### Task to carry out
Include in the output the line containing "syringe or such." and each subsequent line of the records, through the end, transcribed exactly. Add nothing else.

Stored entries:
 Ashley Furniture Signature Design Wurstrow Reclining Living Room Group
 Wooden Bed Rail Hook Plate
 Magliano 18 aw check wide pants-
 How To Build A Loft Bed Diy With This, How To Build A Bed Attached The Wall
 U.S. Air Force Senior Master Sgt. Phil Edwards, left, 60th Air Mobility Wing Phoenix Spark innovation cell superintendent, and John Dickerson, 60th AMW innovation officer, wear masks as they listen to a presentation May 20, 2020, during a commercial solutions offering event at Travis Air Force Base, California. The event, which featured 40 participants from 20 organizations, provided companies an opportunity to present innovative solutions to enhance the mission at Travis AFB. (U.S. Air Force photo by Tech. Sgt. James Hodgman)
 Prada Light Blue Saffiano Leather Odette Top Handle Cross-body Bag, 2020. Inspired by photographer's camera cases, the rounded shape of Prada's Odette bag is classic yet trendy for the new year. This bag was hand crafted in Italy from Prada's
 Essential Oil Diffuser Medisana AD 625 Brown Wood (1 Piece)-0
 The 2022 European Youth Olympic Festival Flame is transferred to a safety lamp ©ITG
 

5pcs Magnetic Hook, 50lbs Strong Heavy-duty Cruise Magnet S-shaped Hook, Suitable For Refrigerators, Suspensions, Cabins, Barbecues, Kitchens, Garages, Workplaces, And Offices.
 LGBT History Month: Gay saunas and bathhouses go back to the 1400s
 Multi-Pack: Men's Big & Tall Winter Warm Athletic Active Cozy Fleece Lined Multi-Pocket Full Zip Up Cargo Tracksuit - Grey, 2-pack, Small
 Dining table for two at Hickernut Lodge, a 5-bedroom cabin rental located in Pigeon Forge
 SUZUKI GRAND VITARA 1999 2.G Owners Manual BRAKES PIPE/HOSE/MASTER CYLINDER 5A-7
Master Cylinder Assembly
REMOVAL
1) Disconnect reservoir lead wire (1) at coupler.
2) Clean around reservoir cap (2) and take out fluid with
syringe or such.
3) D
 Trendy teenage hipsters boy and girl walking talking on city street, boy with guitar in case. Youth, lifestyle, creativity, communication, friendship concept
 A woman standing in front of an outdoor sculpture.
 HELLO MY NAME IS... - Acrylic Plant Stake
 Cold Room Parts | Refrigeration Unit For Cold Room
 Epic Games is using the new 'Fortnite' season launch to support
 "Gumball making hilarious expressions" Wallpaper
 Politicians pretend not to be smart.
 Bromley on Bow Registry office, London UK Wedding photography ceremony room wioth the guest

### Your response
syringe or such.
3) D
 Trendy teenage hipsters boy and girl walking talking on city street, boy with guitar in case. Youth, lifestyle, creativity, communication, friendship concept
 A woman standing in front of an outdoor sculpture.
 HELLO MY NAME IS... - Acrylic Plant Stake
 Cold Room Parts | Refrigeration Unit For Cold Room
 Epic Games is using the new 'Fortnite' season launch to support
 "Gumball making hilarious expressions" Wallpaper
 Politicians pretend not to be smart.
 Bromley on Bow Registry office, London UK Wedding photography ceremony room wioth the guest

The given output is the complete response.